• [What to produce]: Produce word for word the lines of the data below running from the one that has "Studio Weave installs" to the one that has "Nice Convertible Sofa", inclusive, and no others.

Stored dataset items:

· · · · · · ·

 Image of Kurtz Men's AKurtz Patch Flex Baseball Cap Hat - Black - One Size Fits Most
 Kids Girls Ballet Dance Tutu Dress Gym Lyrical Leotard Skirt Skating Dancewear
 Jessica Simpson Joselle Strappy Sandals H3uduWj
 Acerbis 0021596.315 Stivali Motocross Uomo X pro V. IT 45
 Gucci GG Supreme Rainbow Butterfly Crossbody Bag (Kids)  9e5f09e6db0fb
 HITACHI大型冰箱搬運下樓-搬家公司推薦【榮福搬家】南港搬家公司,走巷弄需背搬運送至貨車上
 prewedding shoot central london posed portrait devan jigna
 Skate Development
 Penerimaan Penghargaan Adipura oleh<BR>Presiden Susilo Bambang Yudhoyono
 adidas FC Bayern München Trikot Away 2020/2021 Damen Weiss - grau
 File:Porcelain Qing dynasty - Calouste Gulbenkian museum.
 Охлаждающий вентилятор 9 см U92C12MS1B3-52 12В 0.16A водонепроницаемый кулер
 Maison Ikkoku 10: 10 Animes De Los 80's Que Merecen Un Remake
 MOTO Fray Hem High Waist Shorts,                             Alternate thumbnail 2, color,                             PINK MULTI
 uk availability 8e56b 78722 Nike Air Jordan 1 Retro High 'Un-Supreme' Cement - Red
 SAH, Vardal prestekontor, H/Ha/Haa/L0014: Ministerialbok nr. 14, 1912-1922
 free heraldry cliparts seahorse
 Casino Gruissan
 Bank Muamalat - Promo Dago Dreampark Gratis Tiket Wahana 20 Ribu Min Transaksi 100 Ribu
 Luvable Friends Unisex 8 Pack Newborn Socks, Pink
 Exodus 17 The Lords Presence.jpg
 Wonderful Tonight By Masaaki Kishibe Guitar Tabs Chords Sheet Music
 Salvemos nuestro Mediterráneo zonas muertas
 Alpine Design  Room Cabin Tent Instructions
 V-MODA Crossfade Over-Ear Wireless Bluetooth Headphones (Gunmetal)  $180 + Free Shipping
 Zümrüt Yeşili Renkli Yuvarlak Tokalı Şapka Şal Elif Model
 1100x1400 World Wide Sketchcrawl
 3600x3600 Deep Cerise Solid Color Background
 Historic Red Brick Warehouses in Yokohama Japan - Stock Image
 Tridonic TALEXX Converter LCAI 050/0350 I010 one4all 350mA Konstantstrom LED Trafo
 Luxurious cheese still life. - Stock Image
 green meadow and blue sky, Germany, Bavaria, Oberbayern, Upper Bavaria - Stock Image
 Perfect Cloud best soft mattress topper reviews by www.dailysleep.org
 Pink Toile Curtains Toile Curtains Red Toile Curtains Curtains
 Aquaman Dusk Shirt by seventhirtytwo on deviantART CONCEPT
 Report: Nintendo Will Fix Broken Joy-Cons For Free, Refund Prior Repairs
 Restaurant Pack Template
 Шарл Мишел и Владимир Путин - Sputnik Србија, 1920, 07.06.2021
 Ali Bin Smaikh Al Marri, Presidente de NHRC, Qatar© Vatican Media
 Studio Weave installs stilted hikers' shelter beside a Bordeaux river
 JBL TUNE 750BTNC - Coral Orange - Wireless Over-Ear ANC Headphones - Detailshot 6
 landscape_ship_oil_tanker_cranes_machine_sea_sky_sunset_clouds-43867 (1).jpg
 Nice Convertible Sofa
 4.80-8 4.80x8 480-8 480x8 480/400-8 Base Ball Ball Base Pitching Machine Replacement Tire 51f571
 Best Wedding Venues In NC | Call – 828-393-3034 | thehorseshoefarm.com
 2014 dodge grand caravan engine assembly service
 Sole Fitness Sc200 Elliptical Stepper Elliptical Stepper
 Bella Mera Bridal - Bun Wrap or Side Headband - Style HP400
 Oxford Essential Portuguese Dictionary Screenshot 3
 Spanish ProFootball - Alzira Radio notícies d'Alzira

· · · · · · ·

• [Solution]:
 Studio Weave installs stilted hikers' shelter beside a Bordeaux river
 JBL TUNE 750BTNC - Coral Orange - Wireless Over-Ear ANC Headphones - Detailshot 6
 landscape_ship_oil_tanker_cranes_machine_sea_sky_sunset_clouds-43867 (1).jpg
 Nice Convertible Sofa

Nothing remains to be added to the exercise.